In the end, my friends…but why should I continue to blame them for my own fault? In the end, I let myself be talked into publishing the (only slightly altered) document, despite my objections—talked into becoming one of the original signers of The Manhattan Declaration myself. It was a mistake, and one I regret.

And then finally — it’s a really long essay — he arrives at a substantive argument in favor of same-sex marriage. Well, kind of. It’s a pretty weak argument:

Some Catholic intellectual figures will continue to explore the deep political-theory meanings manifest in the old forms of Christendom, and more power to them, but the rest of us should turn instead to more effective witness in the culture as it actually exists.

In fact, same-sex marriage might prove a small advance in chastity in a culture that has lost much sense of chastity. Same-sex marriage might prove a small advance in love in a civilization that no longer seems to know what love is for. Same-sex marriage might prove a small advance in the coherence of family life in a society in which the family is dissolving.

I don’t know that it will, of course, and some of the most persuasive statements of conservatism insist that we should not undertake projects the consequences of which we cannot foresee. But same-sex marriage is already here; it’s not as though we can halt it. And other profound statements of conservatism remind us that we must take people as we find them—must instruct the nation where the nation is.

For that matter, the argument about unforeseen consequences is a sword that cuts both ways. Precisely because human social experience has never recognized same-sex marriage on any large scale, we don’t know the extent to which metaphysical meanings—the enchantment of marriage—can be instantiated in same-sex unions. How faithful will they prove? How much infected by the divorce culture of modern America? How spiritual? How mundane? How will they face up to the woe of the quotidian that, as Schopenhauer insisted, marriage forces us to see? How will such unions aid their participants to perceive the joy of creation?

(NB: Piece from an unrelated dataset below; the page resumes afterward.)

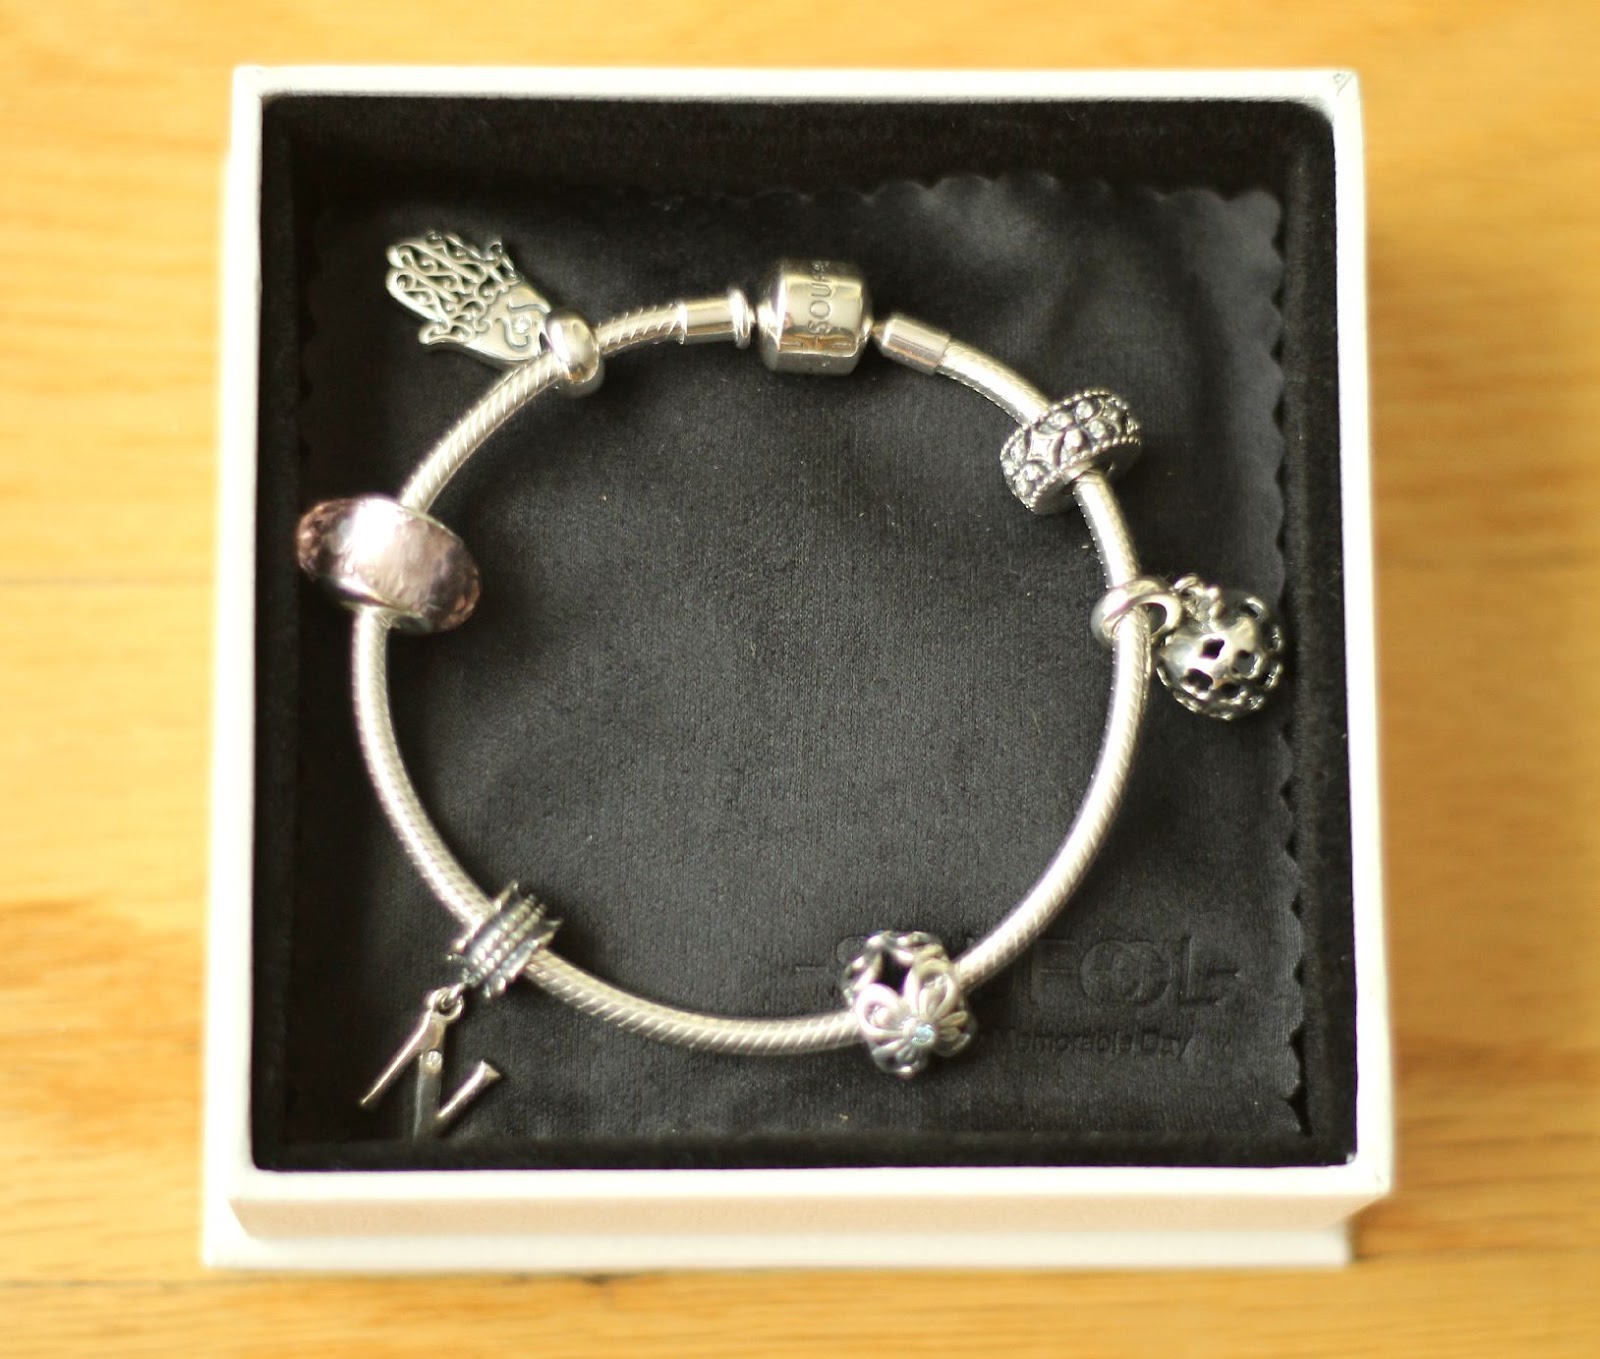 SOUFEEL Jewelry 925 Sterling Silver Charm Bracelet | Review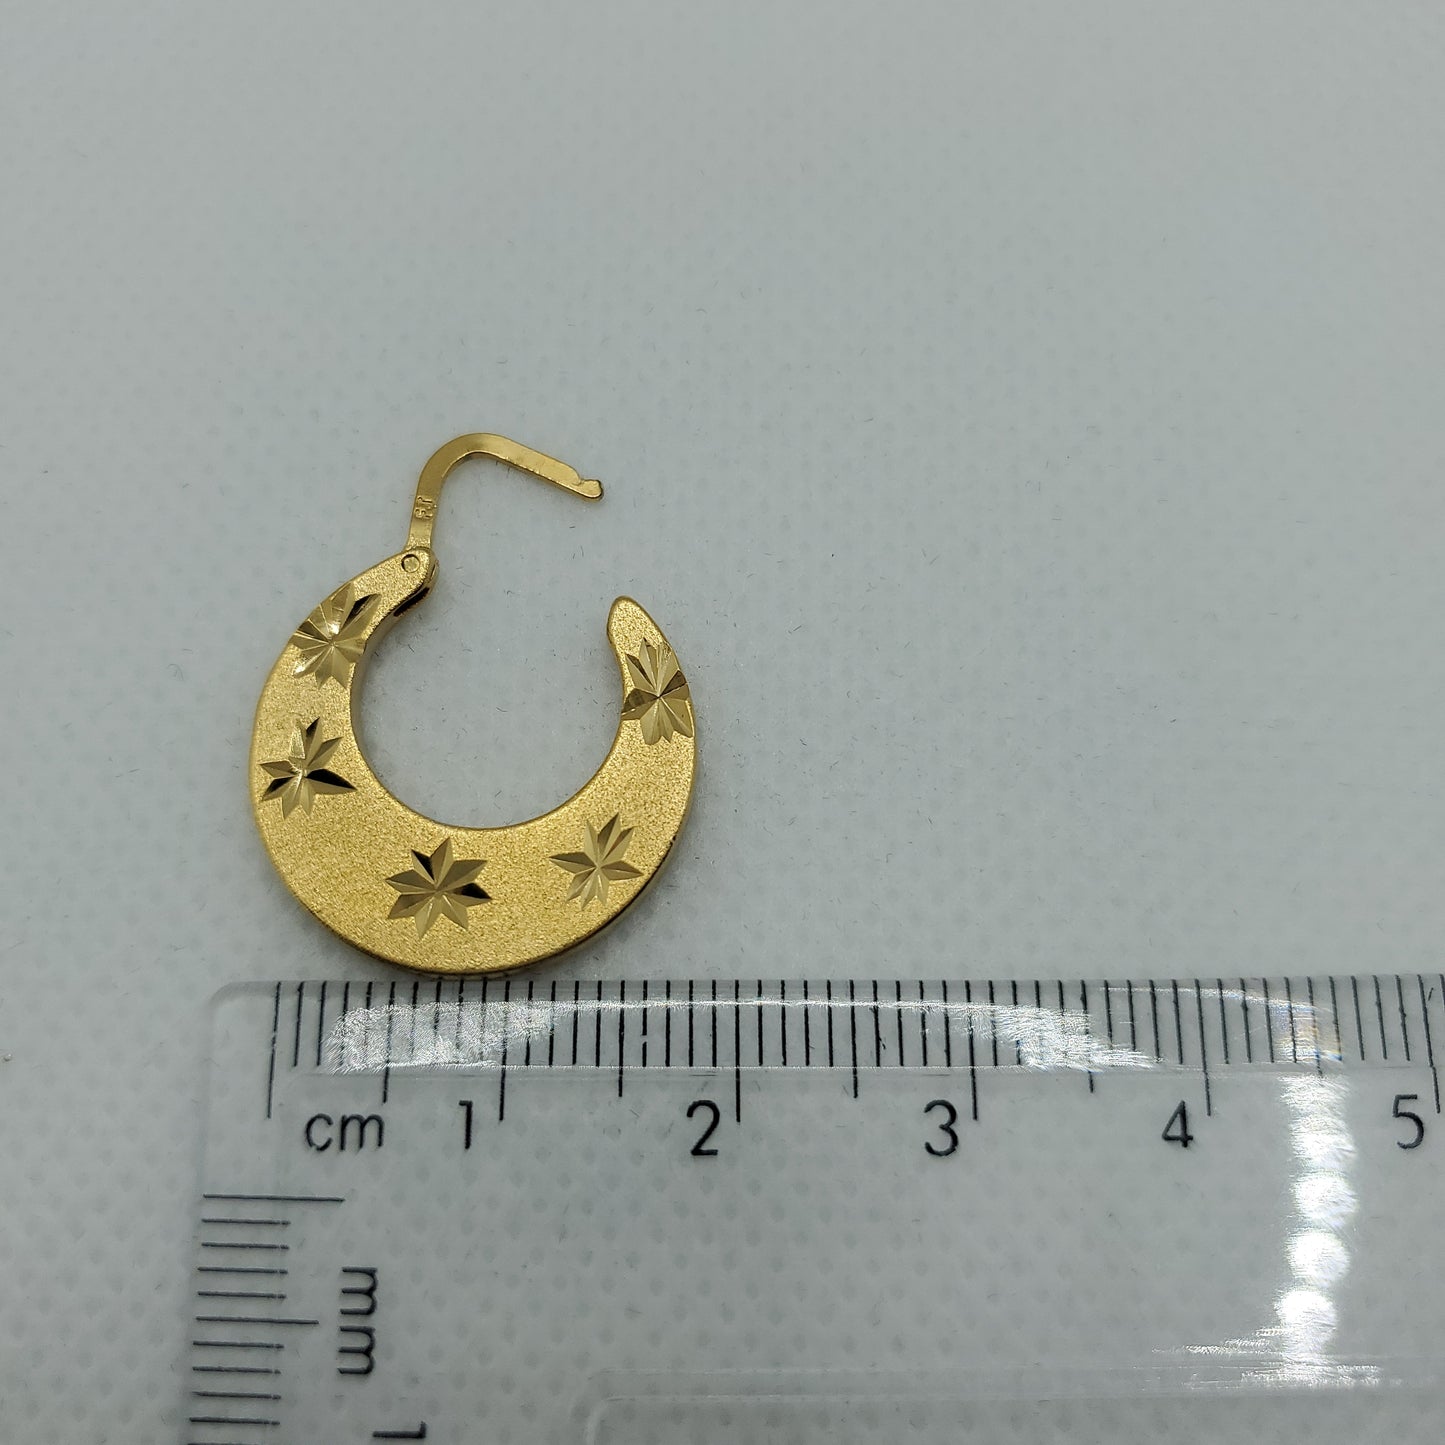 18k Gold Plated Easy Wear Nattiyan Earrings

The answer is that we can’t predict the effects of same-sex marriage. I think some good will come, I hope some good will come, but I cannot say with certainty that all must go well with this social change. Still, as the church turns to other and far more pressing ways to re-enchant the world, we’ll have time to find out. And when we are ready to start rebuilding the thick natural law that recognizes the created world as a stage on which the wondrous drama of God’s love is played, we will have the information we need to decide where same-sex marriage belongs in a metaphysically rich, spiritually alive moral order.

To an atheist, of course, this all seems quite silly. And it should. But he is speaking to his fellow Catholics, not to us. And I expect that we will see more and more of this, more anti-equality advocates recognizing the inevitable and finding some way to accommodate same-sex marriage without jettisoning the rest of their beliefs.